Our motivation can get a little 'lost' (or battered) as we get older, and we can forget the importance of breaking out of our comfortable existence to strive for something more. I remember a quote we used to discuss in sessions in prison which is "If we always do what we have always done, we will always get what we have always got". Henry Ford apparently said that, and it was a thought provoking poem that got a lot of discussion going about the need to work on new goals.

So how do you start working towards your goals? SMART is the key, and here is what it stands for:

S- Specific- Make your goals detailed and specific, rather than vague and lofty. For instance, if your goal was fitness related, it's not helpful to say "I want to get fitter". What does that mean? What does that look like? Make it specific and all of a sudden you know what you're working on, like "I want to run further", or "I want to lose weight" . These are examples of specific goals.

M- Measurable- You need to have a clear picture of what you are measuring your goal against, and when you've reached it. Following the same example, if your goal is to "get fitter", how do you know when you've reached that goal? If you have something you can measure, you'll be spurred on more to continue. A measurable goal is "I want to run 2 miles", or "I want to lose 10lbs", or "I want to fit in those old skinny jeans". You know when you've achieved it, and you know exactly what you're working on.

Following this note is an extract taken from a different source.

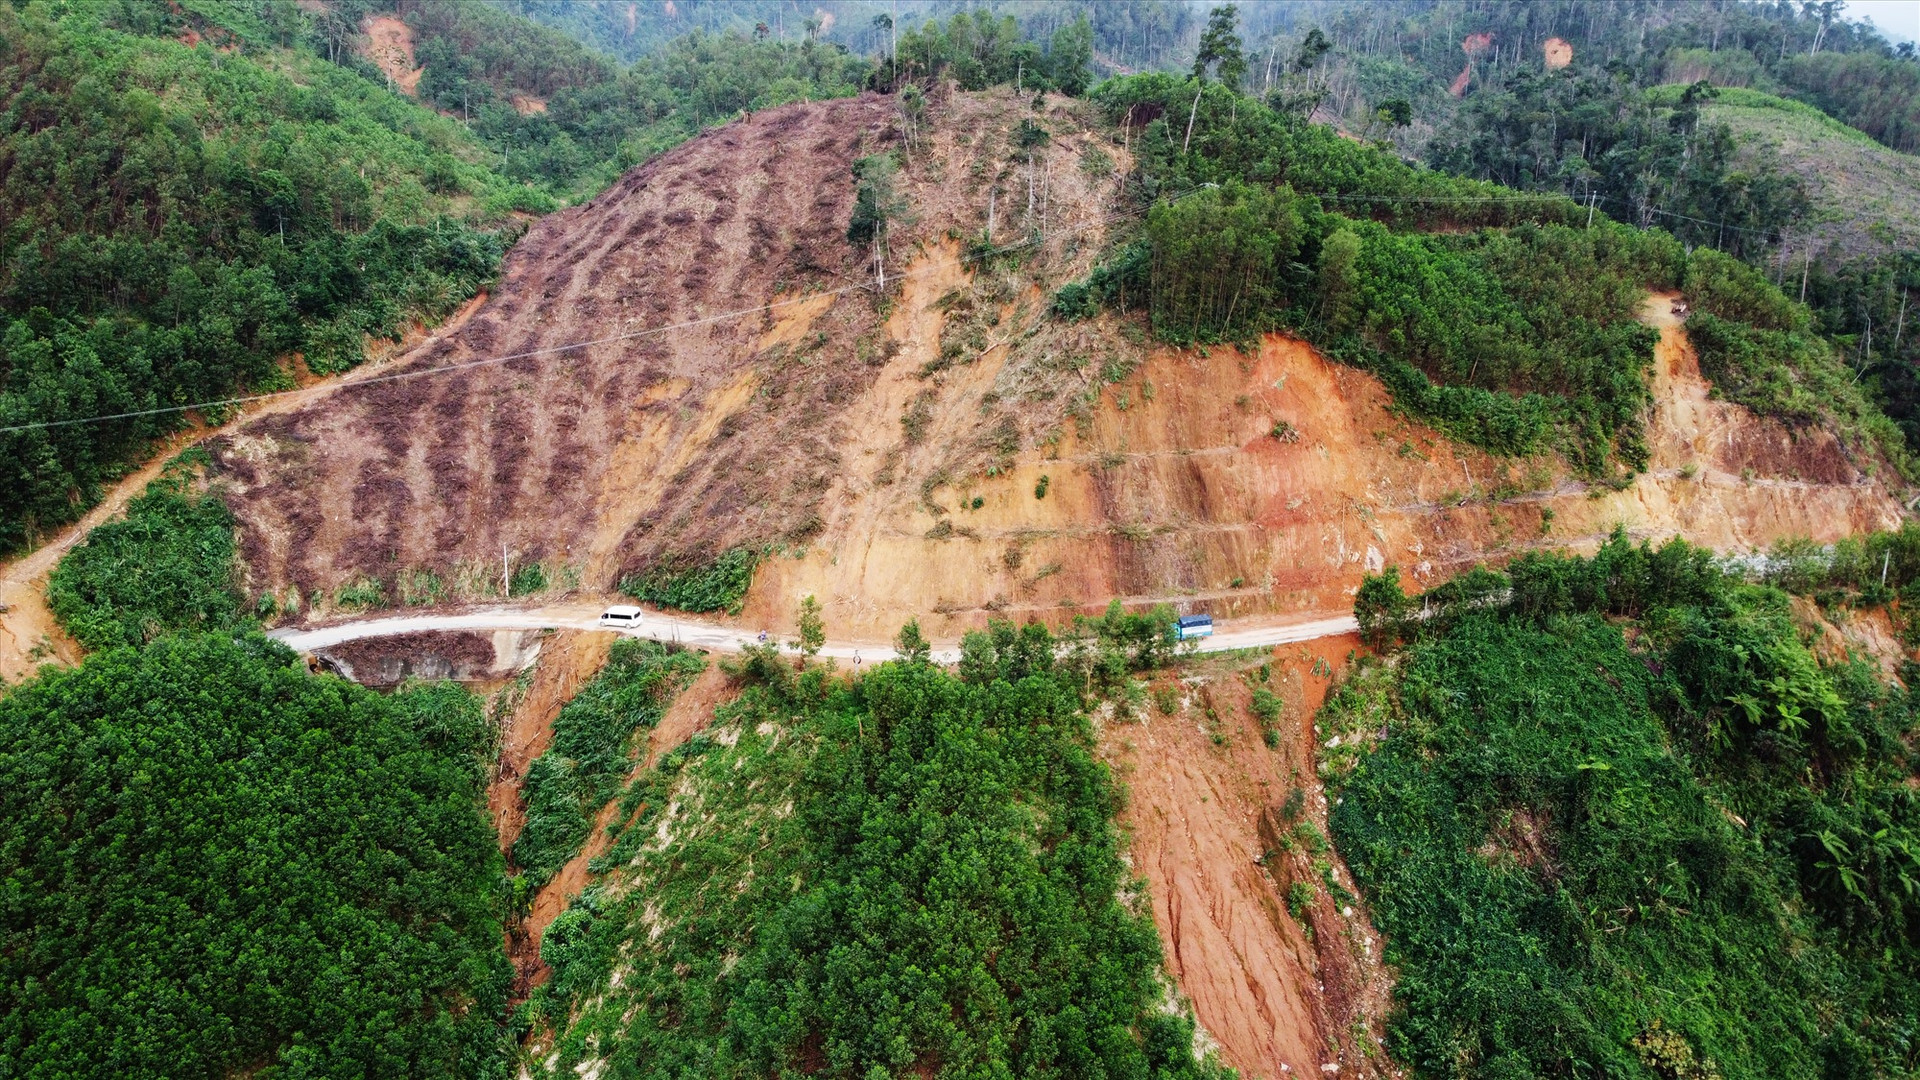 Quốc lộ 40B nối từ đường 1A tại TP Tam Kỳ đi các huyện trung du Phú Ninh, Tiên Phước và huyện miền núi Bắc Trà My, Nam Trà My đến tỉnh Kon Tum, dài 210 km. Trong đó, 70 km từ huyện Bắc Trà My đến hết Nam Trà My đi qua nhiều đồi núi thường xuyên bị sạt lở sau mưa bão.

A- Achievable- To avoid losing the will to live, make your goals achievable. If you set a goal to run a marathon tomorrow, and you've barely walked further than the kitchen in years, you're gonna fail. And failing doesn't feel good, and you'd likely give up. Break down your goals into smaller more achievable chunks, and you'll find you're succeeding pretty quickly, and that feels good! So if you've decided to get off your ass and run a marathon, perhaps your first goal should be to walk a mile, and take it up step by step from there.

R- Relevant- The 'R' is a little debatable in some definitions of SMART, and often stands for 'Realistic', but I find that too similar to 'achievable', so I prefer relevant. If your goal is relevant to you, and it matters to you, it's a good goal. If you don't actually care that you don't fit in those old jeans, what's the point? To succeed at our goals we have to genuinely want it. I've never fancied running a marathon, so if I tried, even if I made the goals small and measurable and specific etc. I'd probably not get there because it doesn't really matter to me. So choose a goal you care about.

T- Time Bound- I find this the most useful element of this exercise, because as you know I'm a procrastinator, and if I have a time frame I've set for myself I'm a lot more likely to do it. For example, to continue with the same goals, they would look something like this "I want to be able to run 2 miles in the next 6 weeks", or "I want to lose 10lbs in the next 6 weeks", or "I want to fit into those skinny jeans by the 1st of April". Setting a deadline, and making it realistic (you won't lose 10lbs by tomorrow...I'm sorry), is a great way of really knowing what you are working on and how long you plan to take. Then once you've got to the 1st of April, you'll know if you succeeded or not, and if you did, you can move on to the next one!

Have a go at drafting your perfect SMART goal and putting it on the fridge door. You could find yourself further than you ever thought possible.